## [PROMPT]
Output all of the data exactly as it appears, but leave out any pictures it contains.

## [DATASET EXTRACT]
====

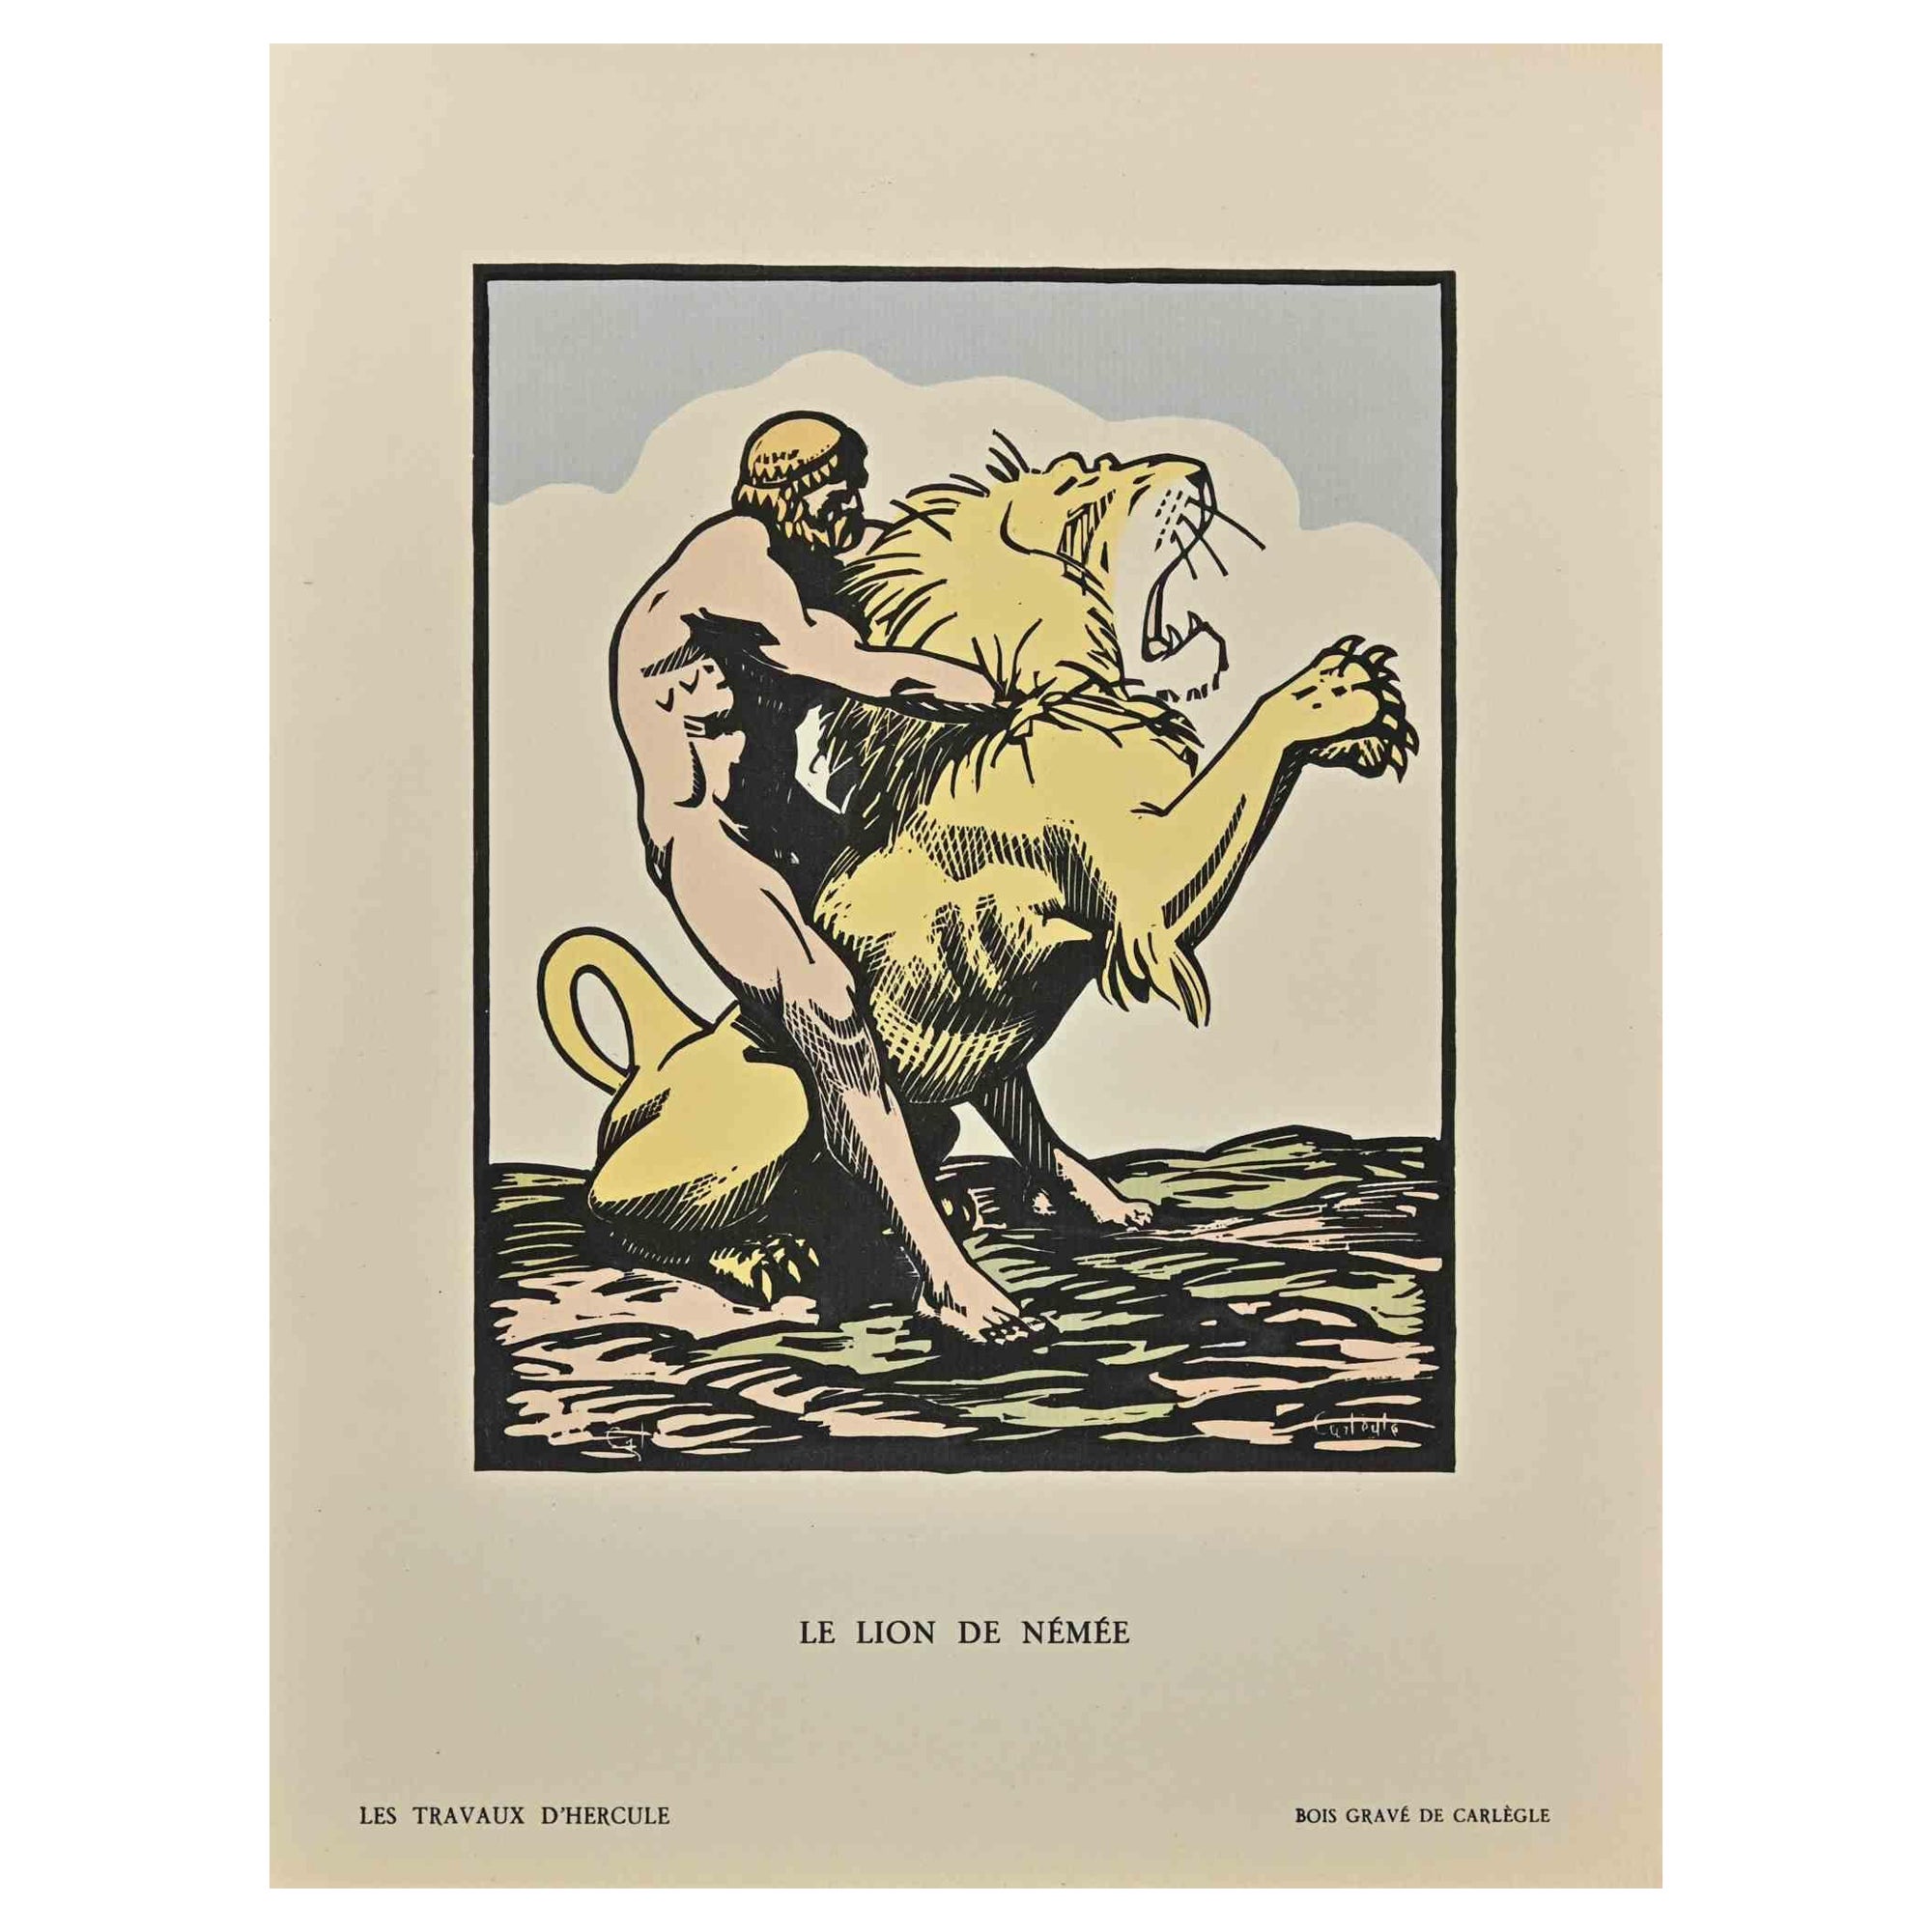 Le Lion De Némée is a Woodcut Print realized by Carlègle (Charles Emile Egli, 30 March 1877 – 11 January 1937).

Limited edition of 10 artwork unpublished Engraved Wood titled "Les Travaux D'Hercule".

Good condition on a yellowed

====

## [ANSWER TO THIS TASK]
 Le Lion De Némée is a Woodcut Print realized by Carlègle (Charles Emile Egli, 30 March 1877 – 11 January 1937).

Limited edition of 10 artwork unpublished Engraved Wood titled "Les Travaux D'Hercule".

Good condition on a yellowed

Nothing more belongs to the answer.